The Sequential model is simply a sequence of layers making up the network. Our diagram above has a set of inputs being fed into two processing layers. We’ve already defined the inputs, so all we need to do is add the other two layers.

In Keras, we’ll use Dense layers, which simply means they are is fully connected. The parameters indicate that the first layer has two nodes and the second layer has one node, corresponding to the diagram above.

The first layer also has the shape of the inputs which in this case is a one-dimensional vector with 2 elements. The second layer’s inputs will be inferred from the first layer.

We then add an Activation of type ‘sigmoid’ to each layer, again matching our neural network definition.

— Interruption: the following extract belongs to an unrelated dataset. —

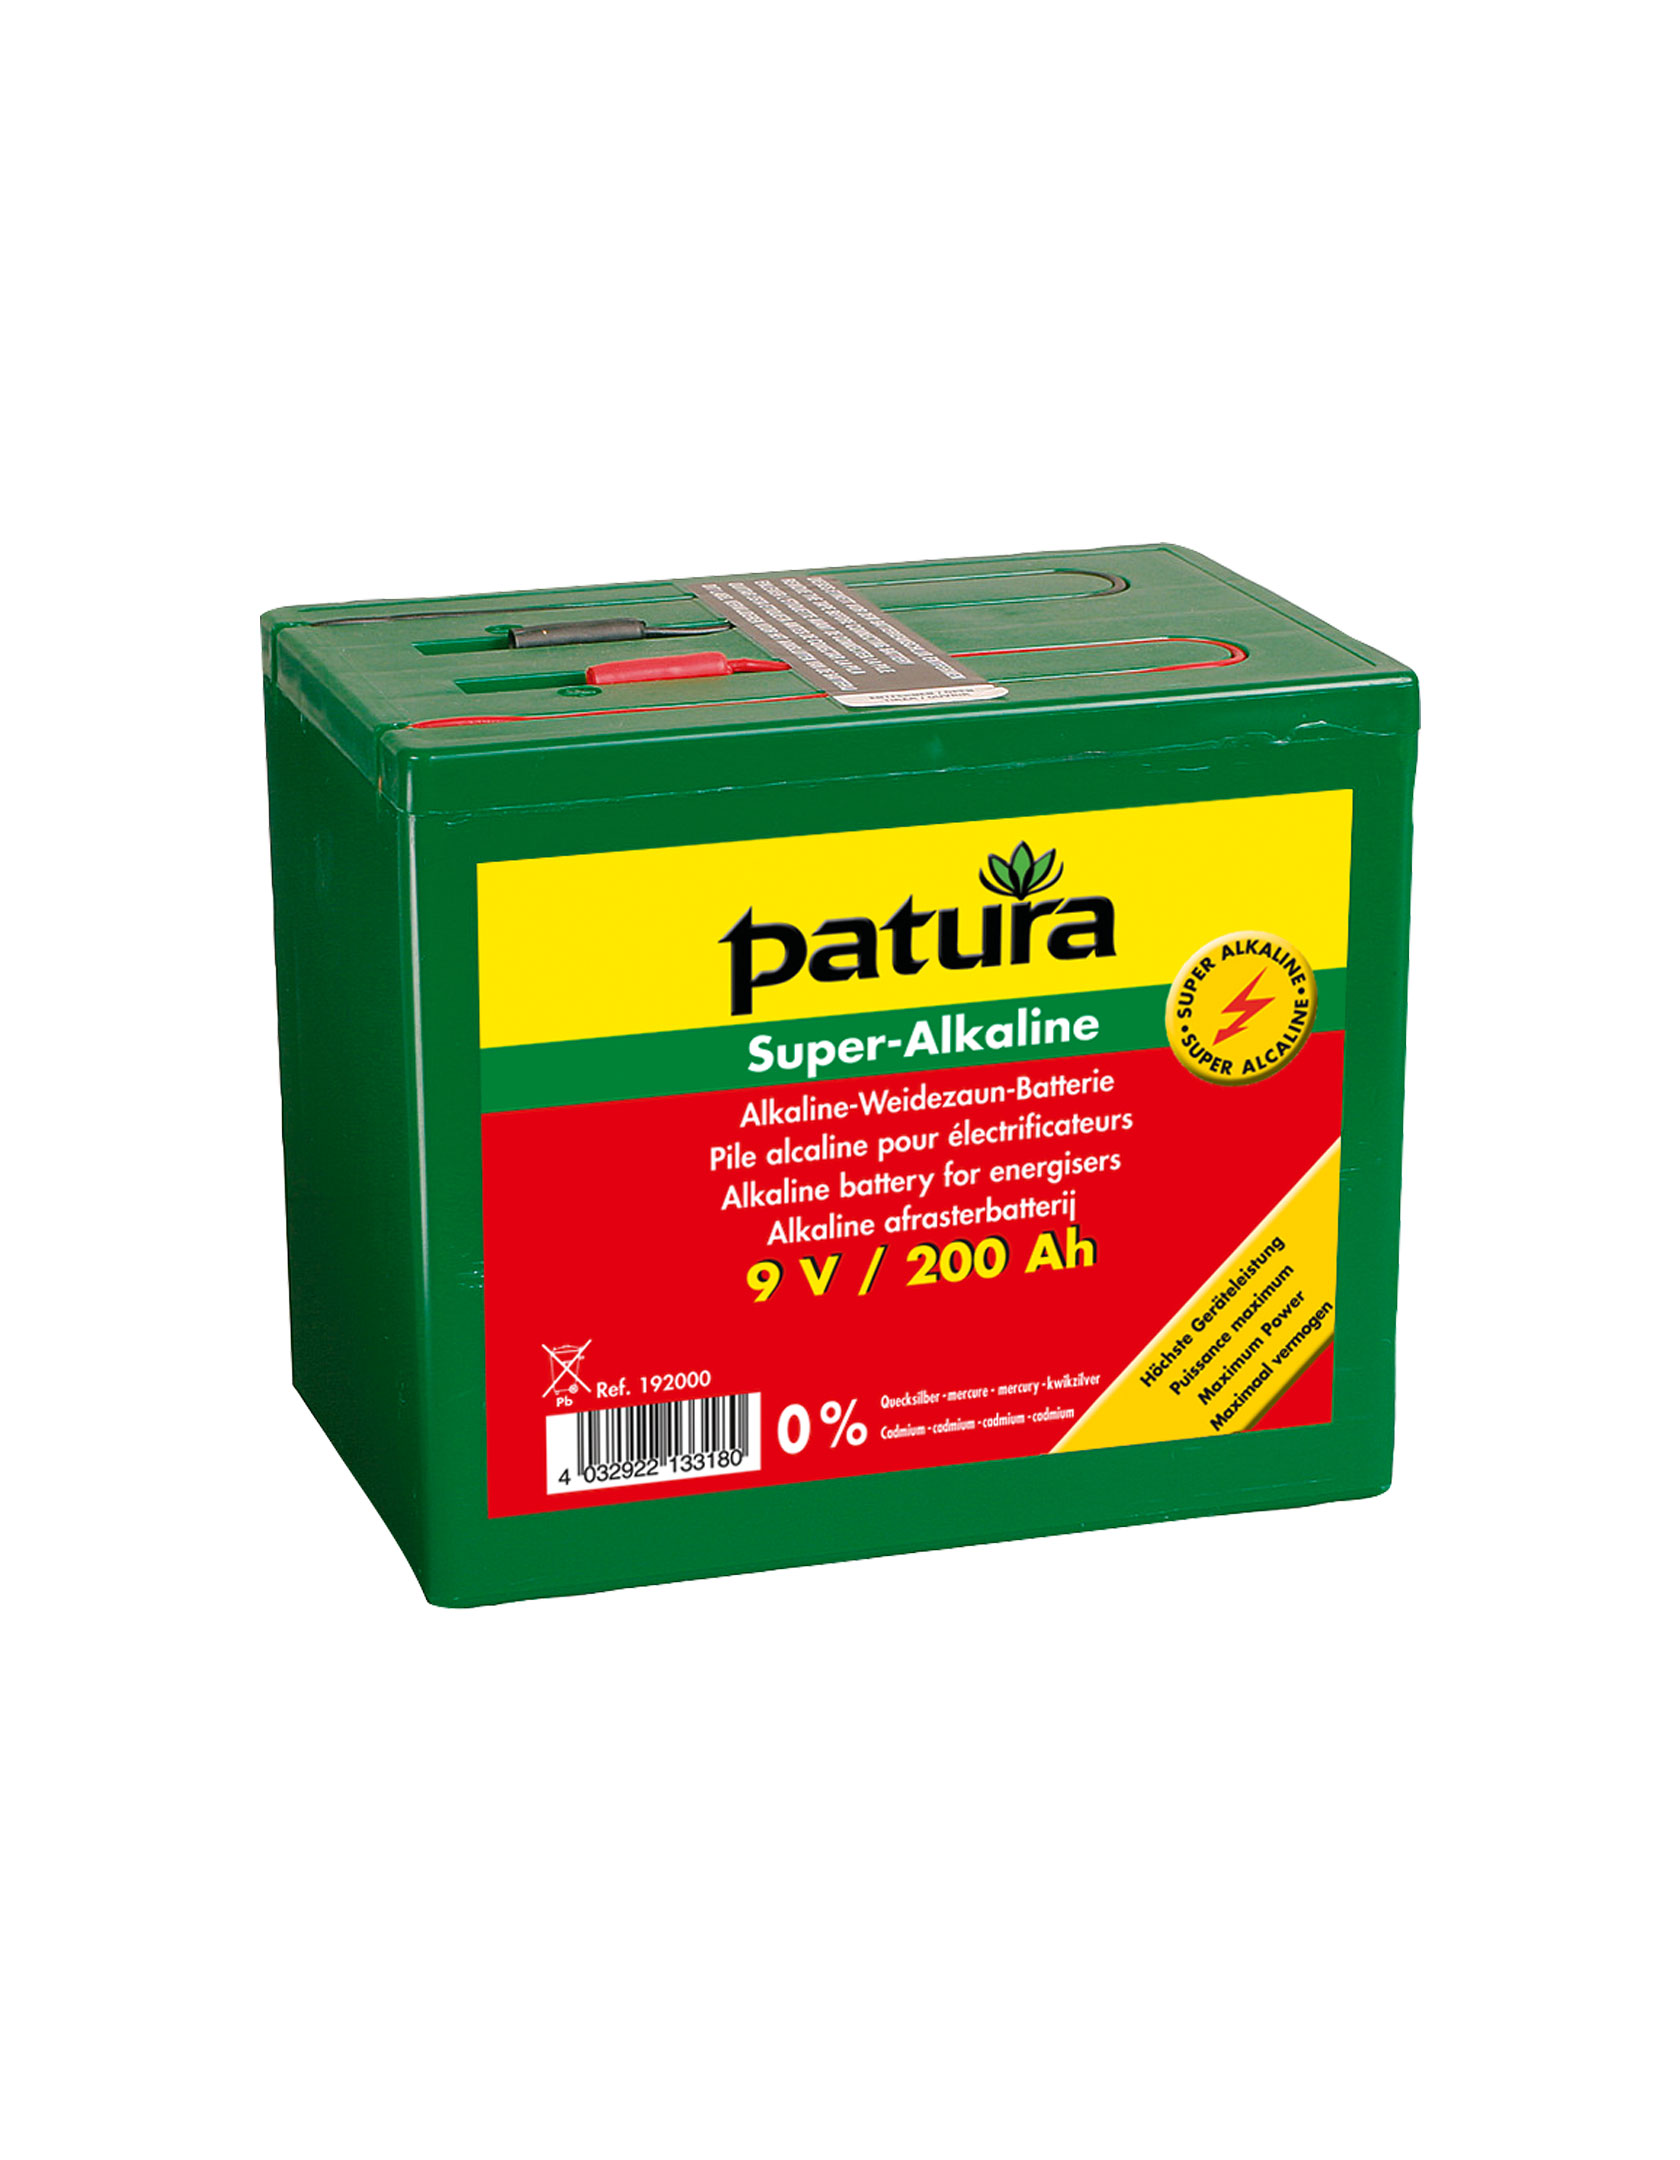 PATURA Super-Alkaline Weidezaun-Batterie 9V

Note that Keras looks after the bias input without us having to explicitly code for it. In addition, Keras also looks after the weights (Θ1 and Θ2). This makes our neural network definition really straightforward and shows the benefits of using a high-level abstraction.

Finally, we apply a loss function and learning mode for Keras to be able to adjust the neural network:

model.compile(loss='mean_squared_error', optimizer='sgd', metrics=['accuracy'])

In this example, we’ll use the standard Mean Squared Error loss function and Stochastic Gradient Descent optimiser. And that’s it for the network definition.

If you want to see that the network looks like, use:

model.summary()

The network should look like this:

>> model.summary()
_________________________________________________________________
Layer (type)                  Output Shape         Param # 
=================================================================
dense_1 (Dense)               (None, 2)            6 
_________________________________________________________________
activation_1 (Activation)     (None, 2)            0 
_________________________________________________________________
dense_2 (Dense)               (None, 1)            3 
_________________________________________________________________
activation_2 (Activation)     (None, 1)            0 
=================================================================
Total params: 9
Trainable params: 9
Non-trainable params: 0
_________________________________________________________________
>>>

Now we just need to kick off the training of the network.

model.fit(x,y, epochs=100000, batch_size=4)

All going well, the network weights will converge on a solution that can correctly classify the inputs (if not, you may need to up the number of epochs):

>>> model.predict(x, verbose=1)

4/4 [==============================] - 0s

array([[ 0.07856689],

       [ 0.91362464],

       [ 0.92543262],

       [ 0.06886736]], dtype=float32)

>>>

Clearly this network is on it’s way to converging on the original expected outputs we defined above (y).

So that’s all there is to a Keras version of the XOR-solving neural network. The fact that it is using TensorFlow as the engine is completely hidden and that makes implementing the network a lot simpler.